HHS puts Zika vaccine on fast track
The Department of Health and Human Services has signed an $8.2 million contract with Cambridge, Mass.-based Moderna Therapeutics to speed what it calls a “novel vaccine” to stop the Zika virus.
The funding of Moderna’s work comes just days after HHS announced that it would give the Takeda Group in Japan $20 million to accelerate its work developing a Zika vaccine.
Takeda’s funding goes toward enabling it to prepare for a new drug application and, if all goes well, begin clinical trials as early as next year, while Moderna’s focus is on using messenger RNA technology.
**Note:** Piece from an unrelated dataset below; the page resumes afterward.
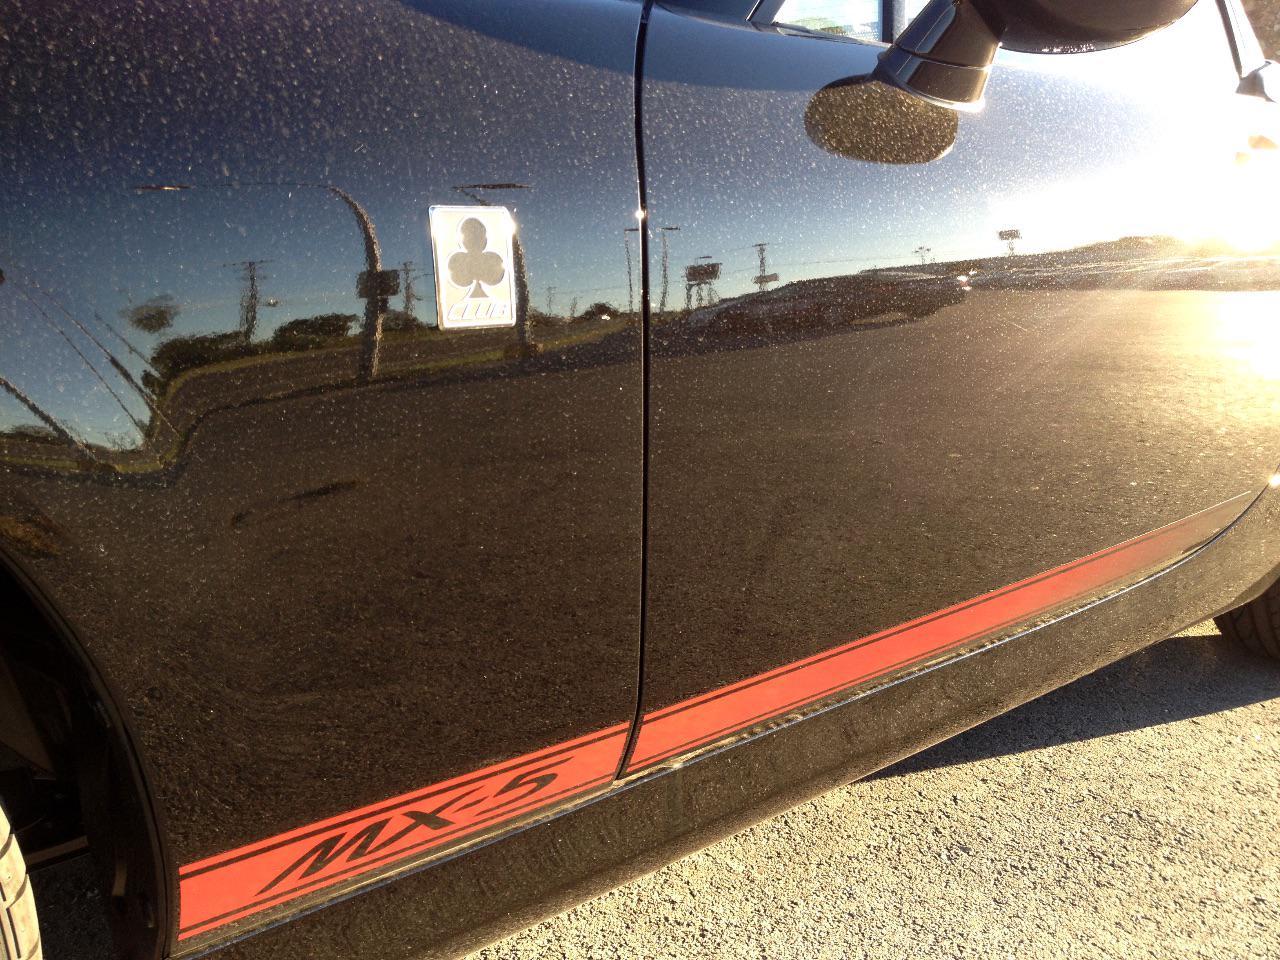 2013 Mazda MX-5 - Badging

Messenger RNA, or mRNA, is a molecule that carries specific genetic codes to parts of the cell. This type of vaccine uses messenger RNA containing the genetic sequence of the Zika virus to generate an immune response in people.
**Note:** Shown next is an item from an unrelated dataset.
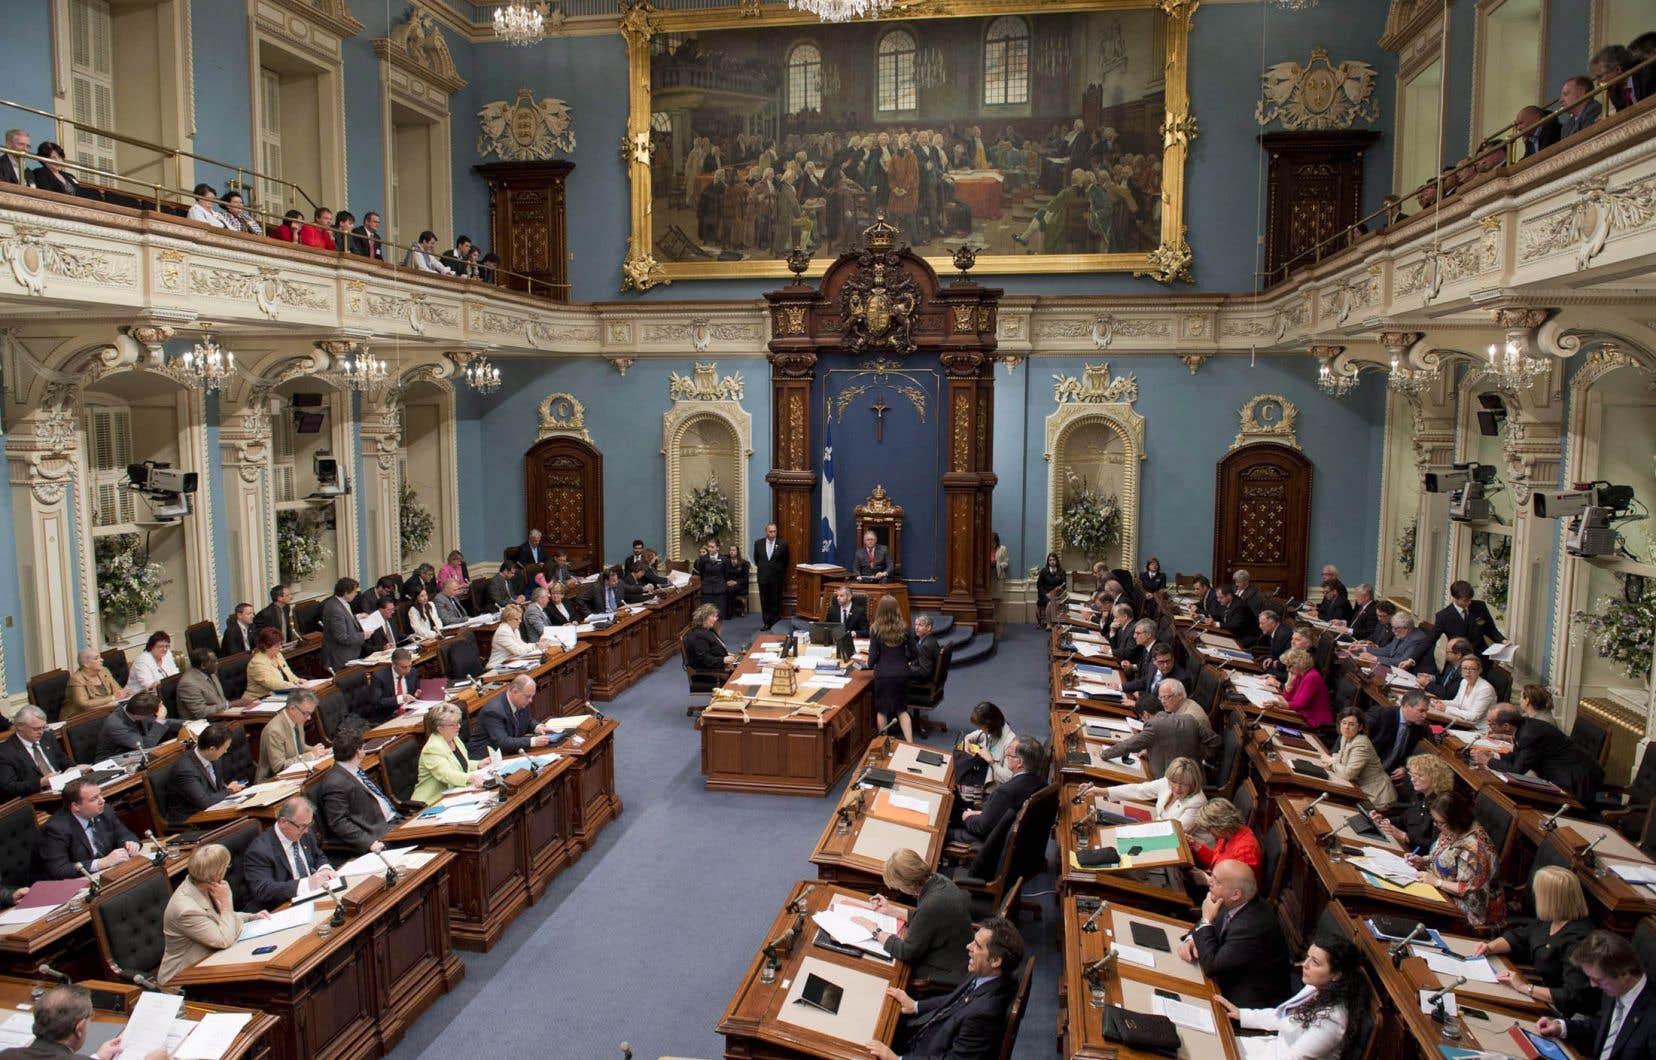 Les députés libéraux ont rejeté le rapport de la Commissaire — et ont exempté Pierre Paradis de payer l'amende — sur la base d'un avis juridique commandé par le leader du gouvernement, Jean-Marc Fournier, rappellent les auteurs.

Producing vaccines from this type of technology is rapid compared to other vaccine technologies that require the growth and purification of a weakened or inactive virus, HHS officials noted. Moderna is designing its mRNA vaccine to be easy to administer without any specialized delivery devices.
ASPR’s Biomedical Advanced Research and Development Authority will provide technical assistance, oversight, and funding.
“BARDA is taking a three-pronged approach to combat Zika, developing vaccines, diagnostics, and technologies that will protect the blood supply,” Richard Hatchett, MD, acting director of BARDA, said in a statement. “The agreement with Moderna expands and diversifies our portfolio of candidate vaccines and improves our chances of having a vaccine to provide protection to people and halt the spread of the Zika virus.”
Under the four-year agreement, BARDA will support a Phase 1 clinical trial, toxicology studies, vaccine formulation, and manufacturing.
If additional funding is identified the agreement could be extended to five years and a total of $125.5 million to support Phase 2 and 3 clinical trials, as well as large-scale manufacturing.
Including today’s award, BARDA has obligated all of the $85 million in funds reprogrammed for Zika work that it received in April.